Шофёр – это был рассказчик – уже с подножки бросил нарочито зычно. С солью:
– Всему малый учён, только не изловчён!
– Оно и видно, что умеешь… Всё уменье твоё, дадонка,[327 - Дадон – неуклюжий.] у тебя под ногами, – усач ткнул в белые куски разбитого арбуза. – Одним махом два зайца побивахом… По его методу, – качнулся к кабине, где шофёр уже заводил мотор, – определил спелость и заодно узнал твою профнепригодность к нашему делу. Нет реакции… Да прими я тебя – город даст дубочка без астраханских этих чудасий! Давай так, без митинга… Кофемолить мне некогда, работа… Прижало там когда набить дуршлаг… Одно слово, желаешь, рыжик, вкушать арбузы вне очереди и вне платности, забегай! Аварийный всегда выделю из ушибленных сильно. Их у нас полный угол. А поработать… Не могу… Да и работы, собственно, осталось с гулькин нос. На оформлёнку больше сил ухлопаешь. Я от души, честно, как и ты… И потом, если думаешь, что быть грузчиком твоё призвание, ты заблуждаешься. Мнение профессионала… Полчасика покидаешь и ты выпал в осадок. Дошурупил? Разгружать арбузики – это не дураковаляние. Я знаю, нужен народ на выгрузку сахара. Там кулёчки по двести кэгэ. Это такое дураковаяние… На вынос! Я думаю, тебе самому те кулёчки не в интерес. Как глянешь, у тебя у самого те кулёчки не вызовут прилива энтузиазма. Отлив гарантирую…
Мне опротивел его нудёж про это дурацкое дураковоняние.

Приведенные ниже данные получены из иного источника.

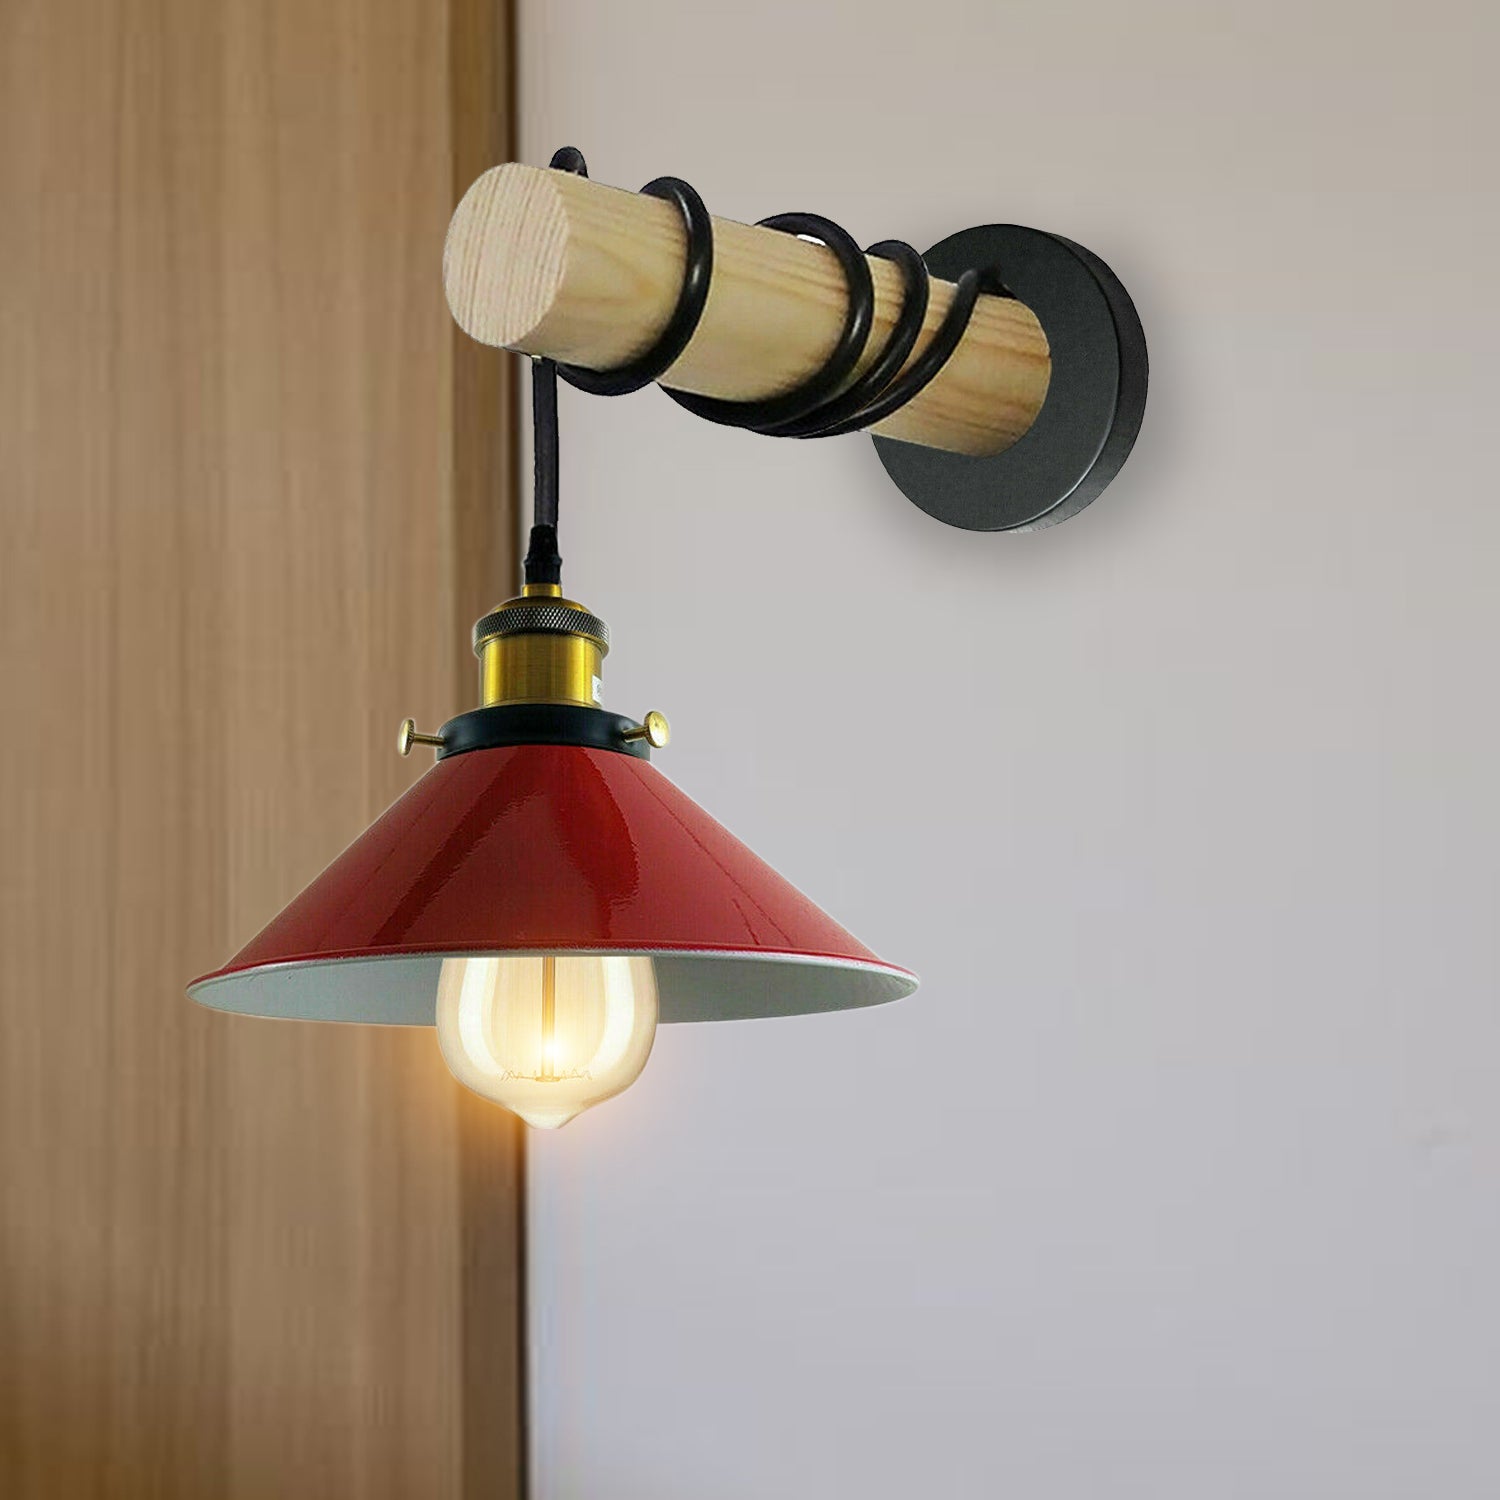 Modern Combined Solid Wooden Arm Chandelier Lighting With Red Cone Shaped Metal Shade wall sconce~3475 - LEDSone UK Ltd

Да целуйся ты сам с теми кулёчками! Тоже божки! Арбузная знать!
Может, уже пришёл перевод! А я?..
Двину-ка к преподобной Клане…
Открыла мне калитку Светлячок и, млея от изумления, неверяще свела ладошки на груди.
– Дя-ядя…
Она схватила меня за палец, напористо потащила к крыльцу.
– Папка с мамкой на работе, жадина-говядина повезла на тачке грушки на базар. Айдате завтрикать!
– Я не хочу… Я уже завтракал.
– А я нет и не буду, – натянула Светлячок губы. – Назло жадине… За то, что она вчера… Папка с мамкой её тоже не похвалили…
Девочка погрозила пальцем воображаемой старухе.
В благодарной грусти погладил я Светлану по верху руки.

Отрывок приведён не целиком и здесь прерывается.